Let’s Have APIs for Those Provider Directories!

This was a comment I submitted submitted to this proposed set of regulations on health plans participating in the ACA. (Use ctrl-F to search “provider directory” within the page). HHS is proposing forcing insurers to make their provider directories more accurate and machine readable, and it would be great for consumers if that was made the case–especially if APIs (which means basically giving access for other computers to read them) were mandated–here’s why:

Subject–Immediately updated  provider directories machine readable via APIs should be mandated for health insurers.

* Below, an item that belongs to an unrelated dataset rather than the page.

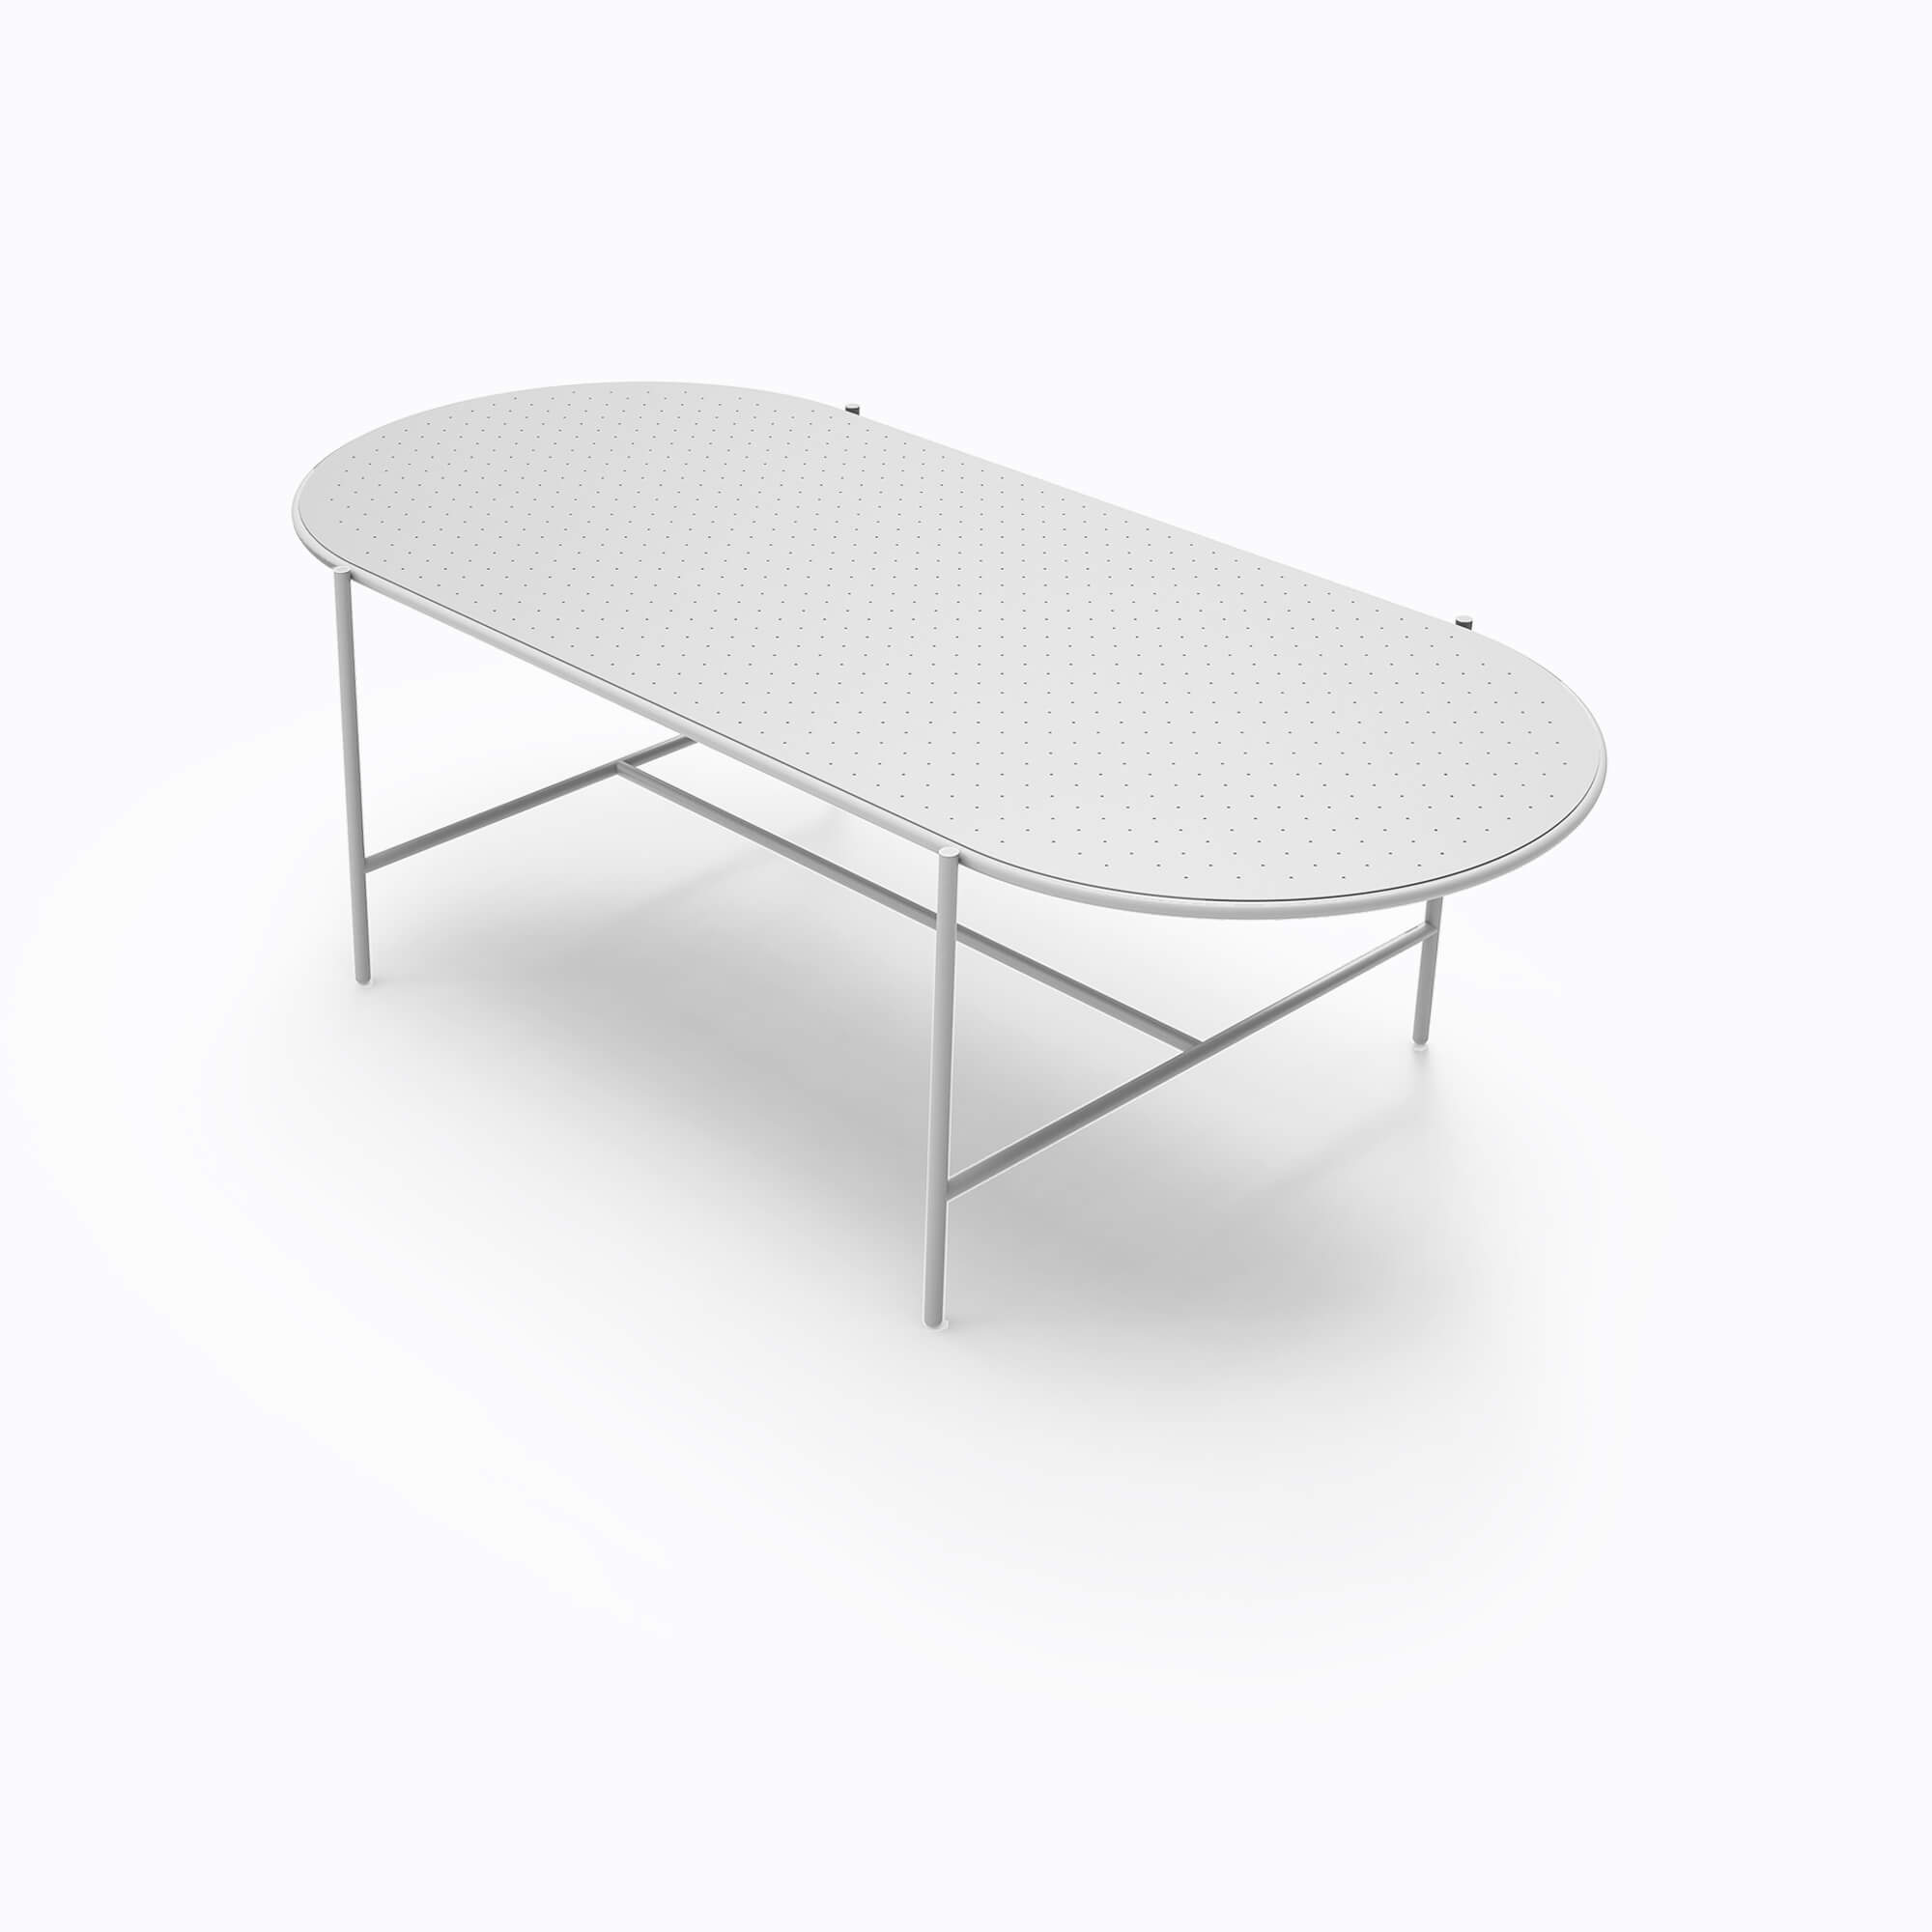 OUDOOR שולחן מתכת אלומיניום אפור בהיר צבעוני 4 מושבים

Finding accurate information about providers is one of the hardest things for consumers to do while interacting with the health care system. While regulation cannot fix all of these issues, these proposed regulations in section  156.230 can greatly help, But they should be strengthened by requiring (under subsection 2) that health insurers immediately add new information about providers in their networks to a publicly available machine readable database accessible via a freely available API.

Currently companies trying to aid consumers in provider search and selection tell us that the information pertaining to which providers are in a particular network is the least accurate of all data they can receive. For consumers the biggest question for plan selection is trying to find out which provider is in their plan, and at the least this requires searching multiple websites. Worse, particular insurer’s plans can even have the same name but can have different networks (in one instance in our personal experience Aetna in New York state had two different plans with effectively the same name but different networks). This is essentially impenetrable for consumers and that is assuming that the information on the websites is accurate or timely–which it is often not.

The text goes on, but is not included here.